Finishing the week with a sub-$7 handle, April natural gas futures traded a slim 9.5-cent range Friday before finishing the week at $6.924, down 3.5 cents on the day and 15.9 cents lower than the previous Friday’s close.
After settling below $7 during the first two sessions of the week, Wednesday’s 19.1-cent rally was the lone bright spot for market bulls before Thursday and Friday’s drops to finish the week. Despite the chill impacting the Northeast and Mid-Atlantic, which was expected to continue through the weekend, market watchers see a slow price grind lower until the summer picture becomes a little clearer.
“We haven’t had quite the roller-coaster that we have seen in crude and gasoline futures, but there was a little bit of movement in natural gas during the week,” said Tim Evans, an analyst with Citigroup in New York. “I attribute the rally back on Wednesday to a little bit of ‘buy the rumor, sell the fact’ with regards to the 115 Bcf storage withdrawal. The withdrawal was well within expectations. The rally also coincided with the cold coming into the Northeast.”

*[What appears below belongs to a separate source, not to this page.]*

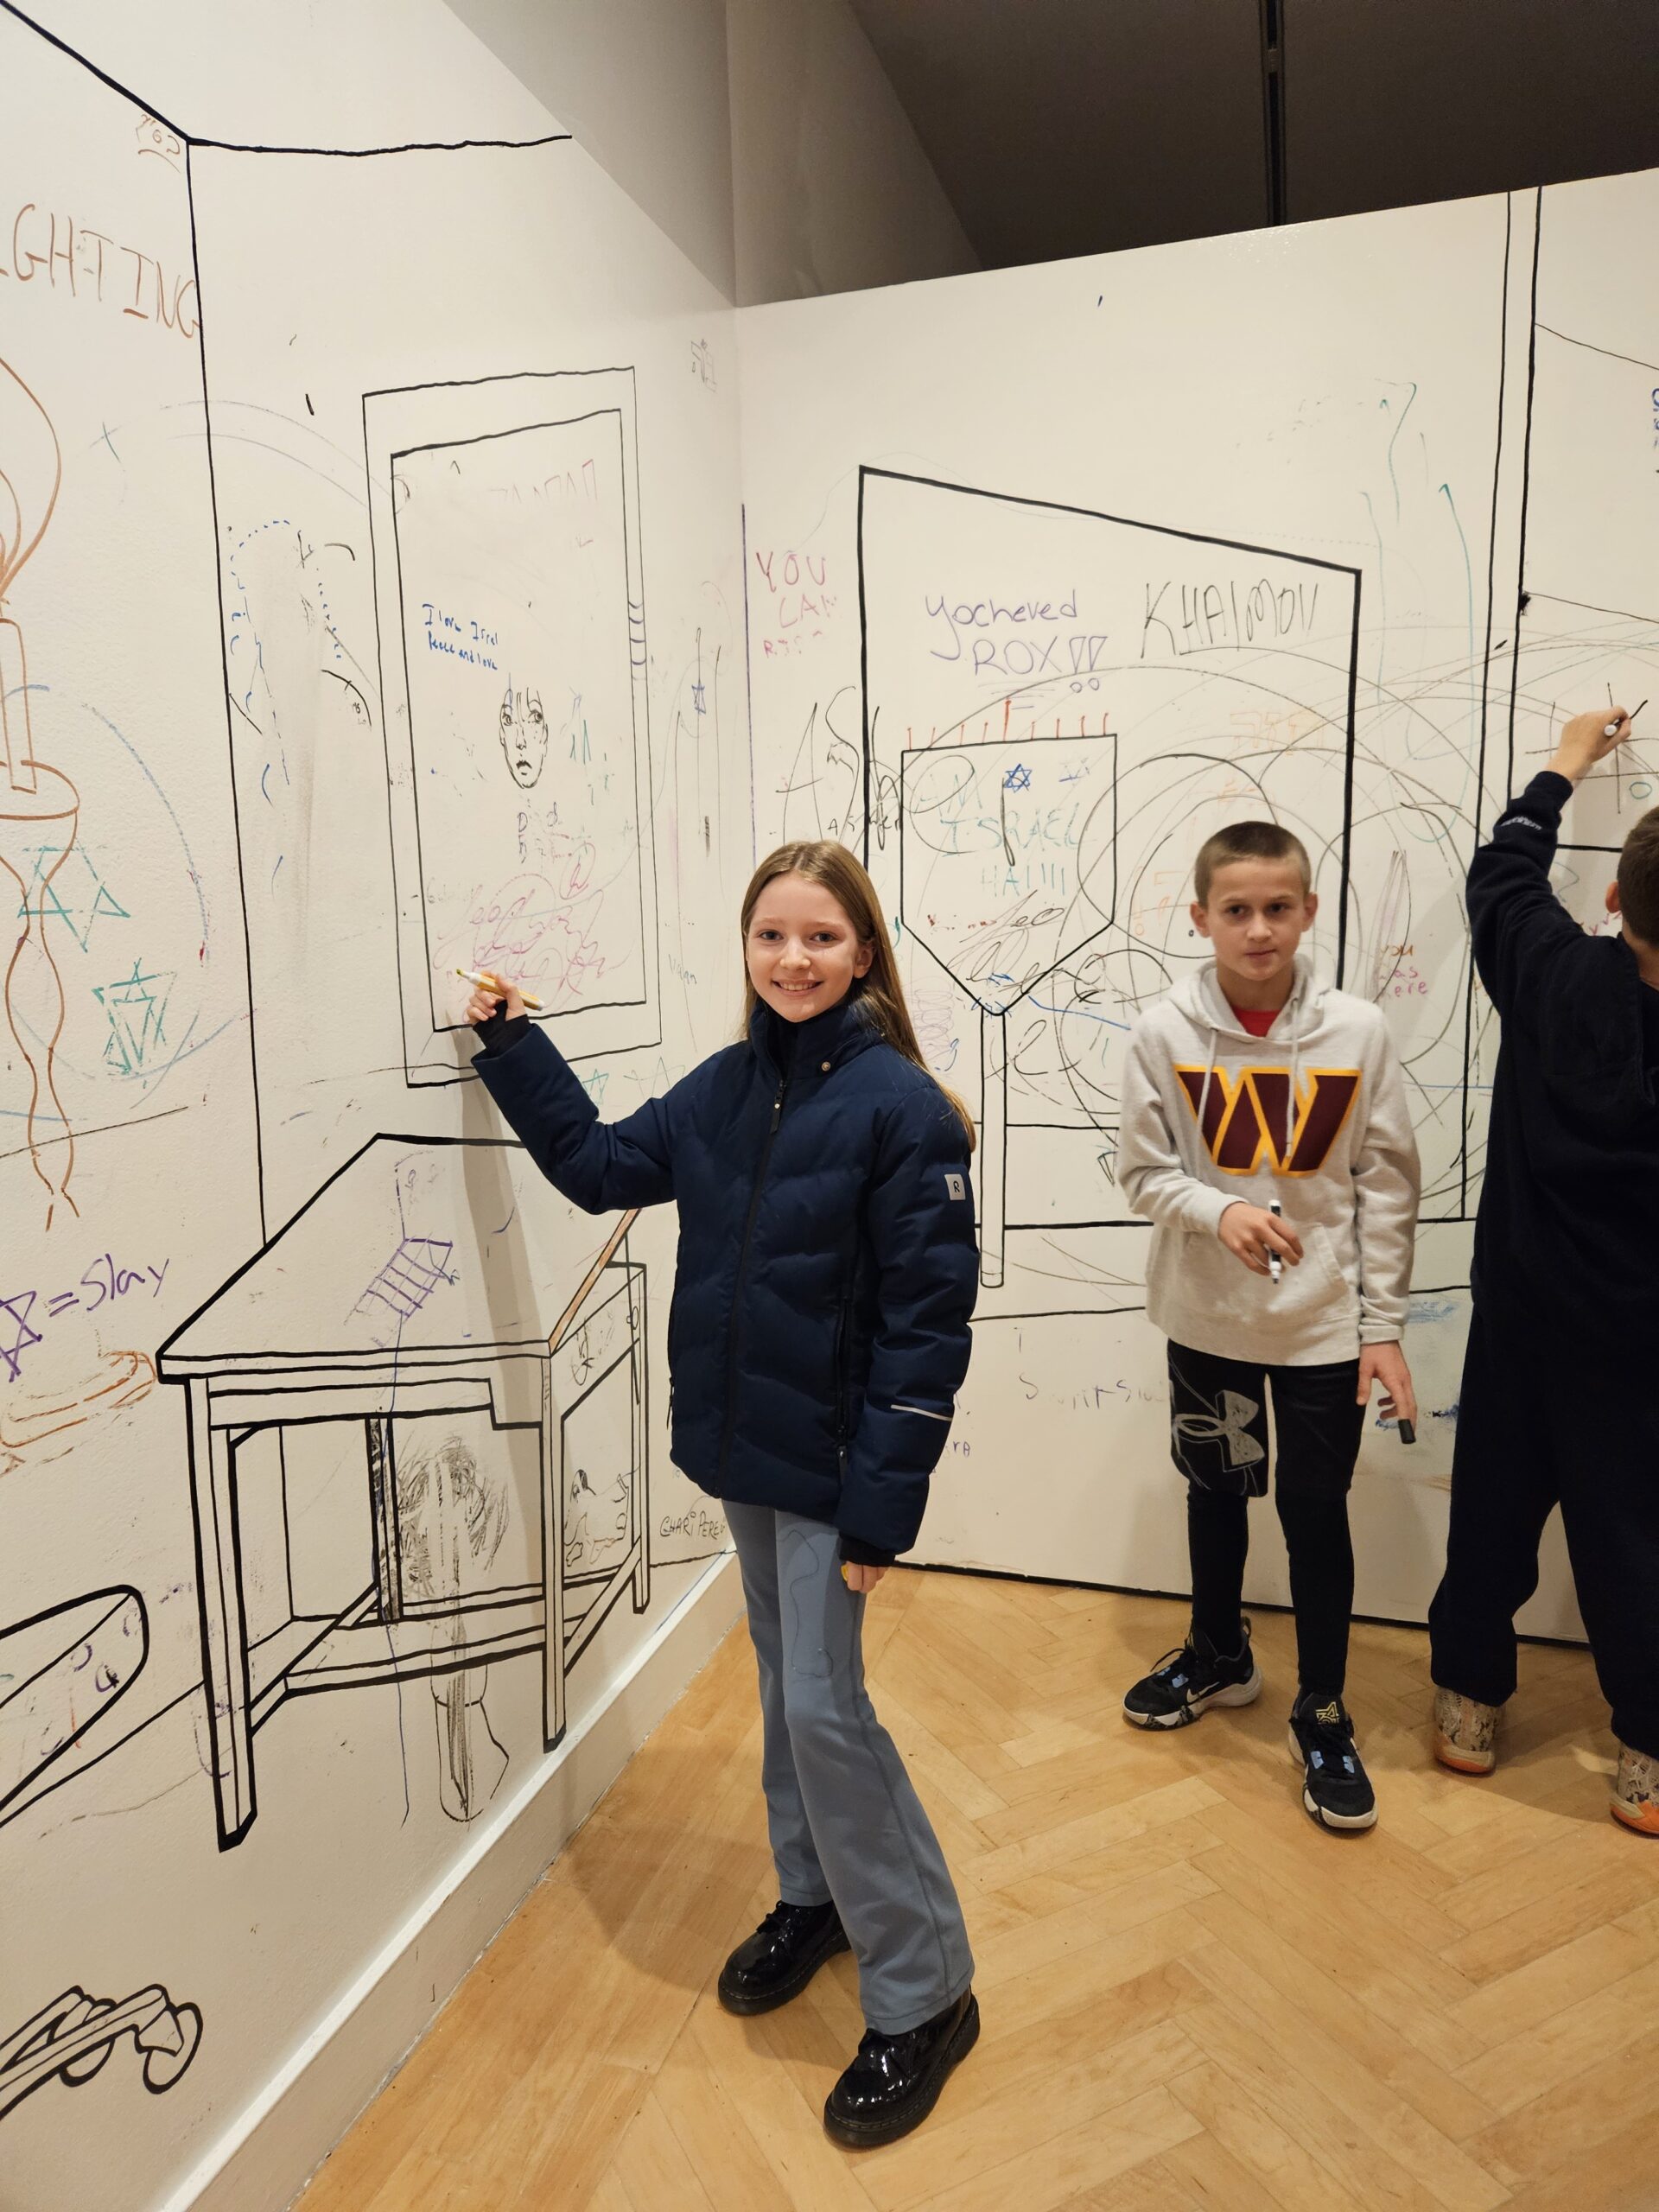 ECFS student poses in front of large whiteboard at Jewish experience museum.

Evans noted that trading on Friday was quiet, not only in the front month. “The whole week was relatively tight in the May futures contract,” he told NGI. “Our low for the week — including the overnight sessions — was $7, while the high for the week was $7.272. When was the last time you had a 27-cent range on the week in any month, let alone in the prime nearby contracts? It’s really been quiet here.”
Without any real news out there, the analyst said he sees things winding lower in the near term. “I am expecting the market to grind lower, especially since it is expected to be slightly warmer than average this [coming] week and likely the following week,” he said. “In addition, the withdrawal season is almost over and it is pretty much understood that we will end the season around 1.4 Tcf. However, on the other side of the coin, the ‘urgent reason to buy’ seems to be that it might be hot in June or that we might have some storm activity in the Gulf of Mexico during the third week of July, so basically there really is no reason to buy in the third week of March against those summer events. I can’t forecast when those events become a broader interest for the market.

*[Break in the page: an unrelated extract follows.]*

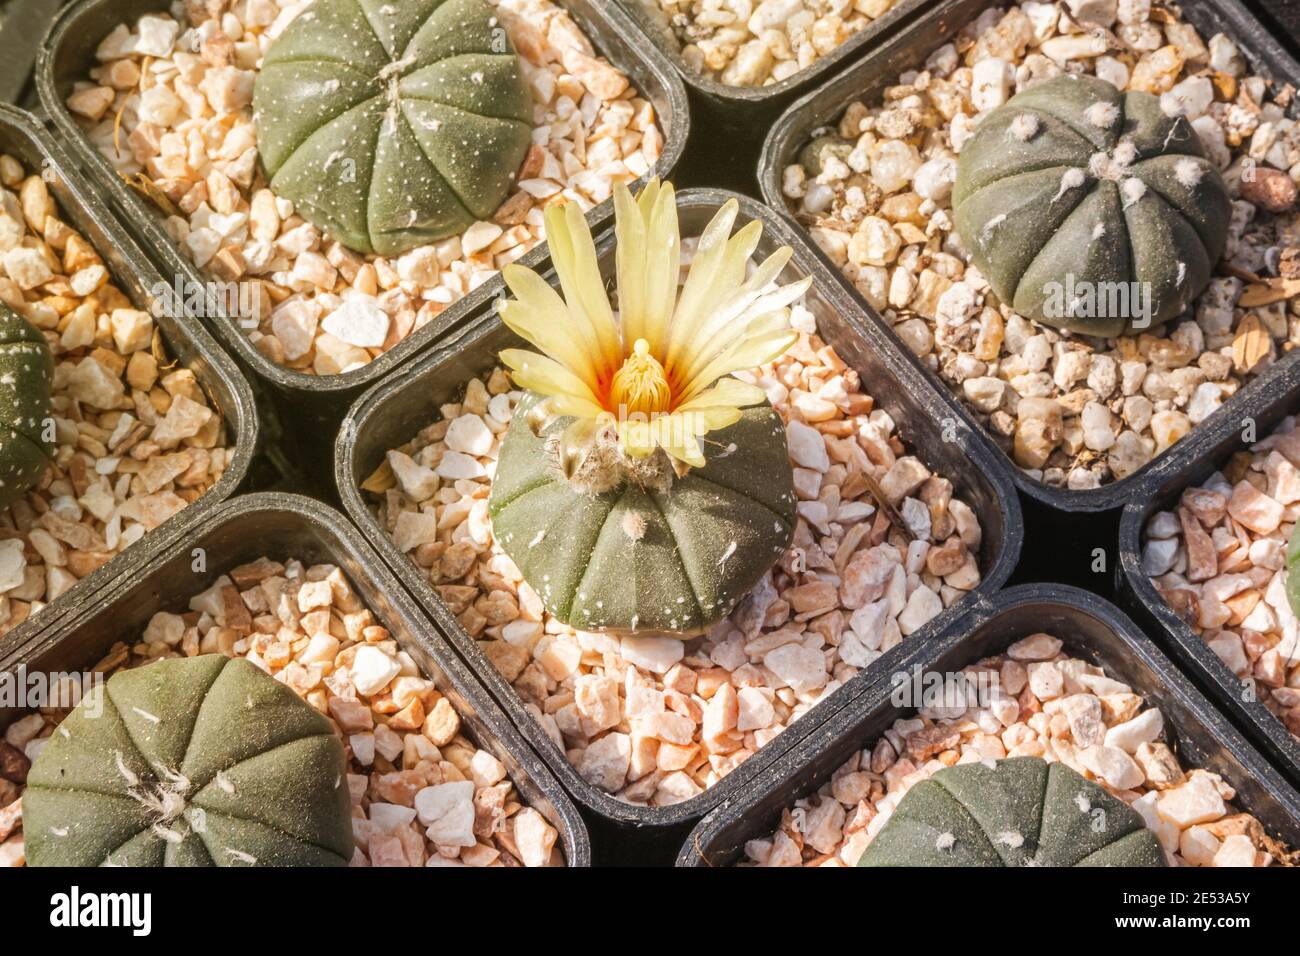 Cactus flowers, Astrophytum asterias with yellow flower is blooming on pot, Succulent, Cacti, Cactaceae, Tree, Drought tolerant plant. Stock Photo

“From a price perspective, we are hanging around the lowest price level since January. That implicitly means that everybody who was buying during February and the first half of March is out of the money. Some of those people may have sold their positions, but not all of them. I would think the bears would be feeling more comfortable at this point compared to what the bulls are going through. That said, I’m not a big bear here. If it’s the story of Goldilocks, I am the baby bear. Could May futures drop 30-50 cents from here? Yes, they could, but we are not headed to $4. There is nothing catastrophically bearish here. We have less gas in storage than a year ago, so we are in trimmer shape there. We also have these longer-term forecasts for summer heat and hurricanes, which also doesn’t lend the bears much support. In terms of the big picture, the downside is relatively limited and so I don’t anticipate aggressive selling. I think we will quietly chop around for a little bit and make a new low here or there until we get some more supportive news nearby. Then we turn higher again.”

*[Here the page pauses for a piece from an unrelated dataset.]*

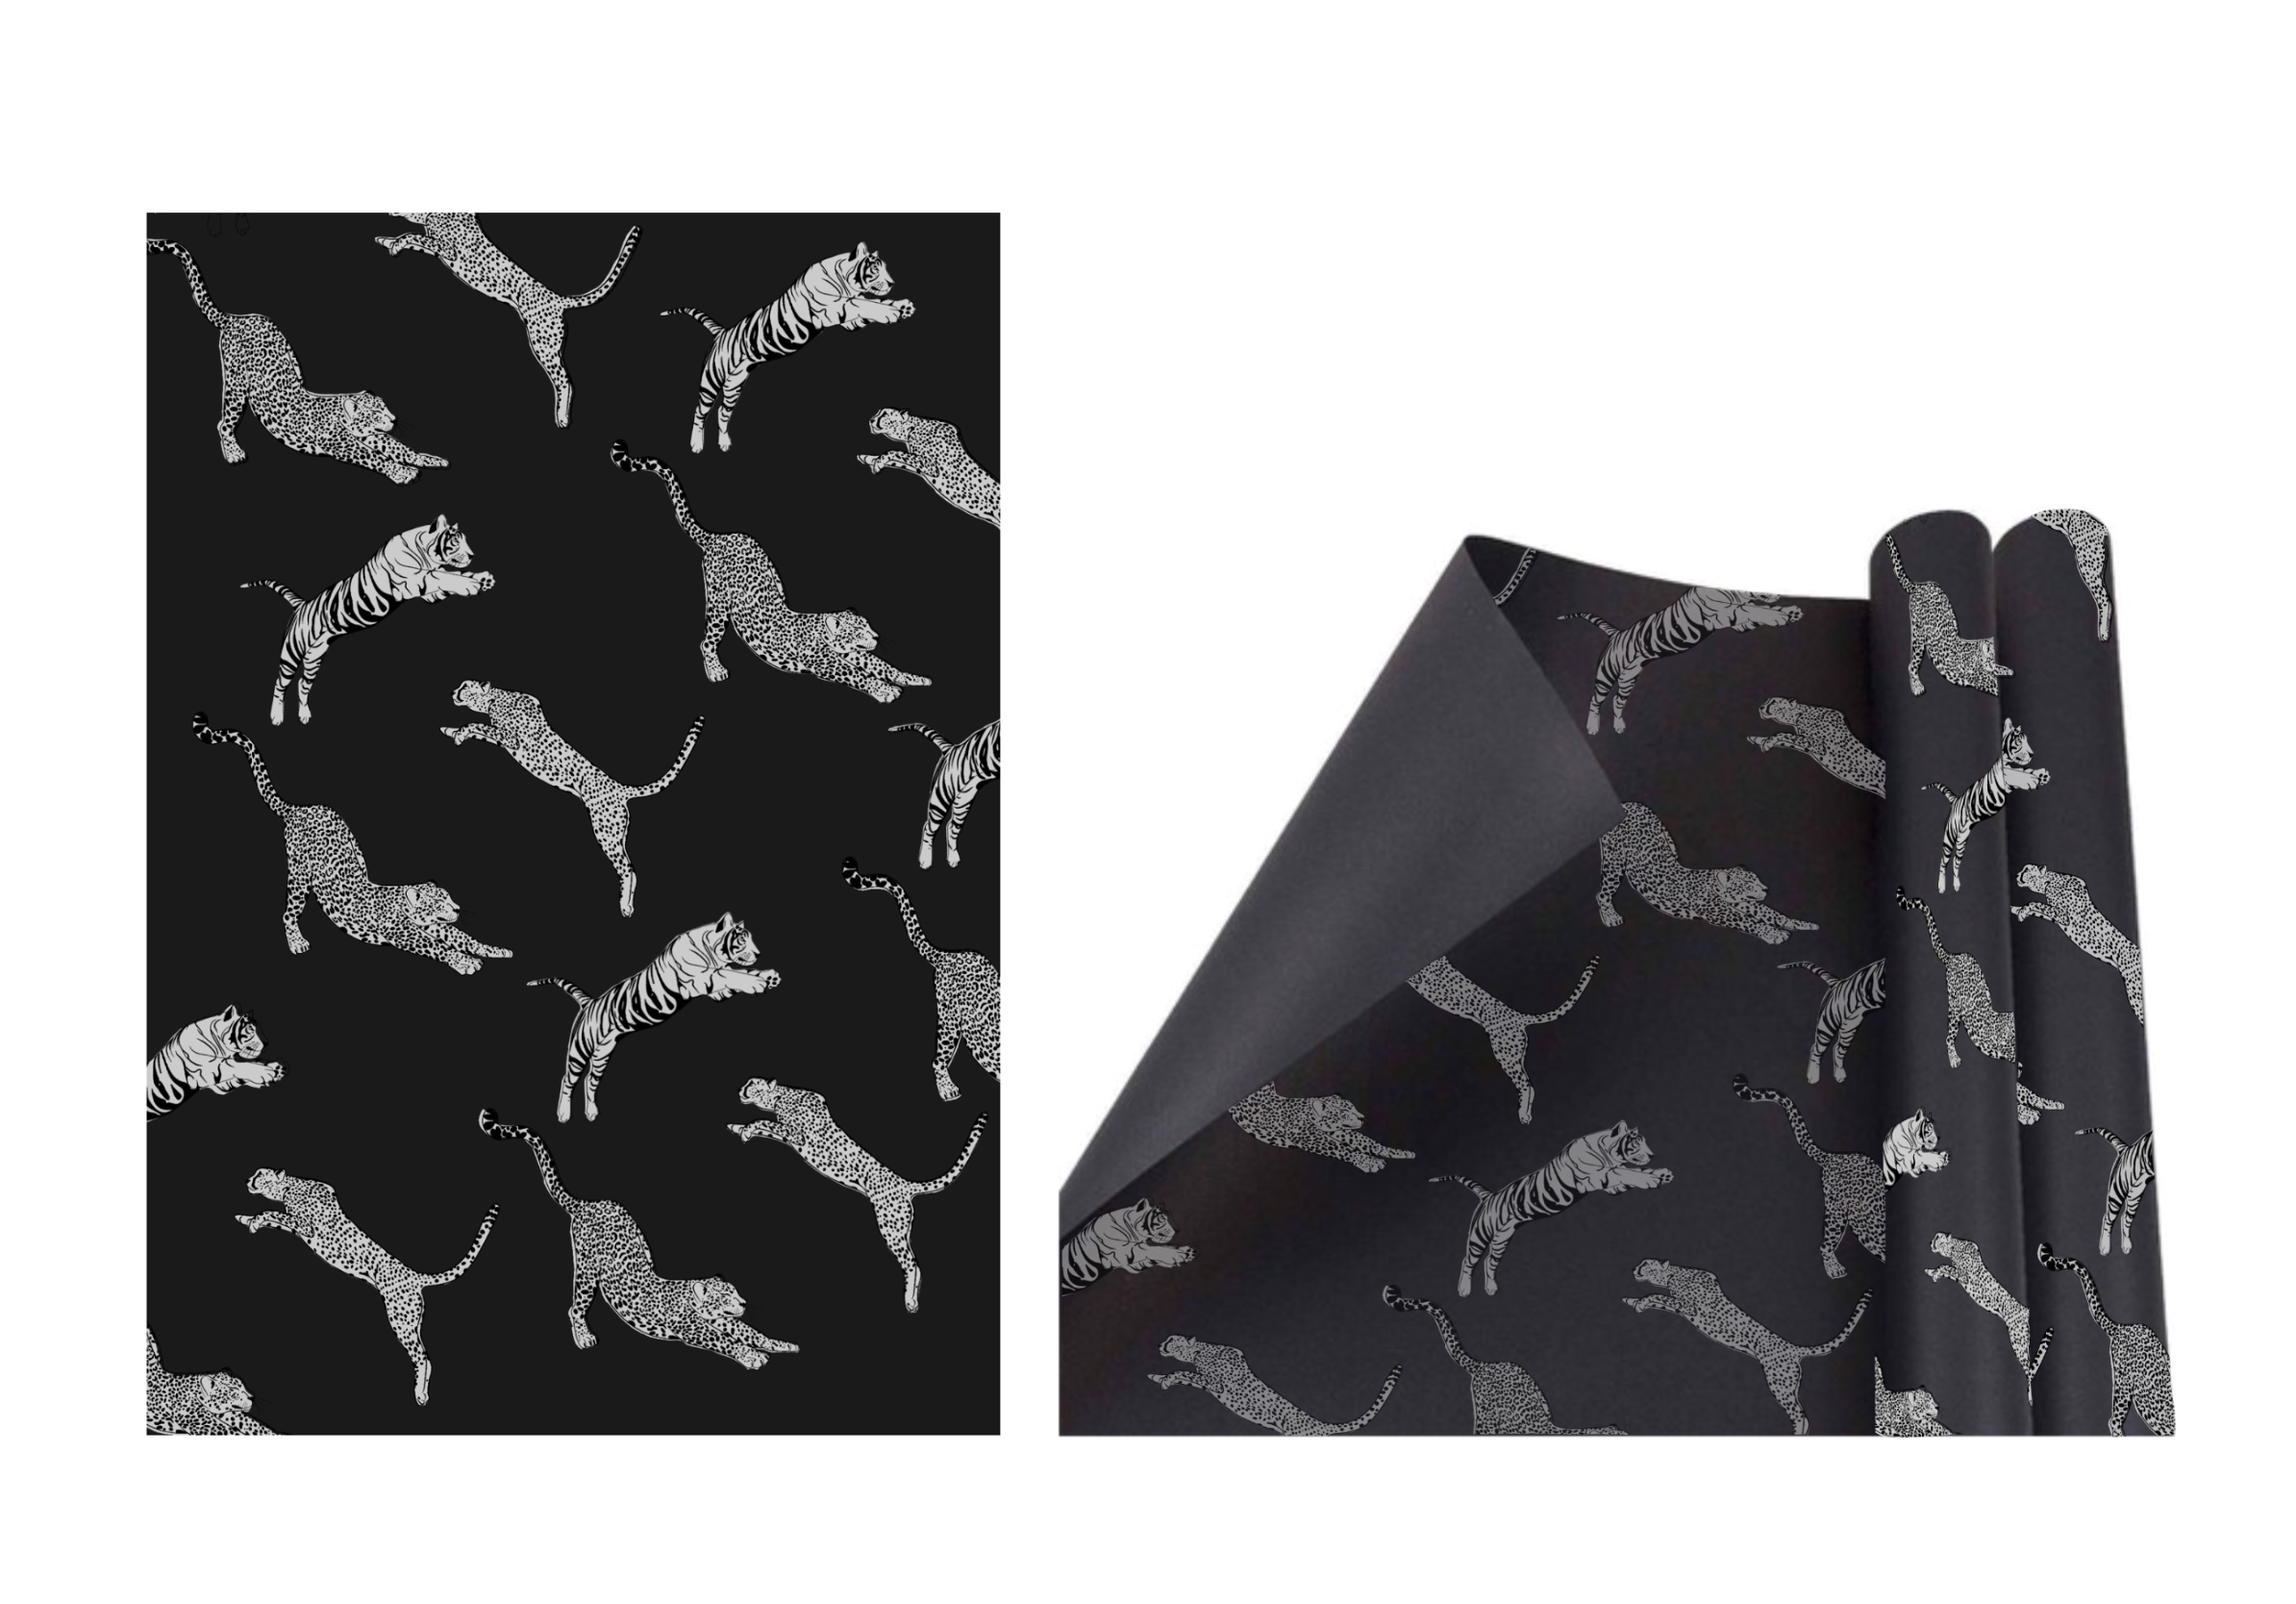 Illustration work by Mia Sains showing black and white wallpaper design filled with leopards and tigers

Energy Information Administration (EIA) inventory figures proved right on the money Thursday. The EIA reported a withdrawal of 115 Bcf, in line with industry expectations in the 110-120 Bcf range. When the report was released it was greeted with a thunderous yawn, but that allowed traders to adjust positions without interference from a potentially market-moving event like the supply report. “Funds were able to move short positions around without having to deal with any market response to the withdrawal number,” observed a New York floor trader.
Traders see a complex market with little immediate indications of the short-term market direction. Traders observed Thursday that funds and managed accounts were realigning positions to accommodate a bearish posture albeit farther out on the price curve. The seasonal April-May and October-November spreads, as well as others, both widened Thursday, indicating a tendency to slide short positions to more deferred contacts.
“People were moving positions around to accommodate a more bearish posture. We saw a lot of selling in the April contract and that was offset by buying in the May,” the floor trader said. He suggested that with the spreads going into deeper contango, “It’s just a sign that (short) money is being moved farther out along the curve.”
Weather bulls may have one last ace up their sleeve in the form of cold weather forecast for major energy markets early this week. MDA EarthSat on Friday predicted that Washington, DC, and Philadelphia will both see low temperatures below seasonal norms. For the three- to five-day period Philadelphia’s low is expected to reach 30, which is four degrees below normal and Washington, DC’s low of 27 is also four degrees off a normal seasonal pace.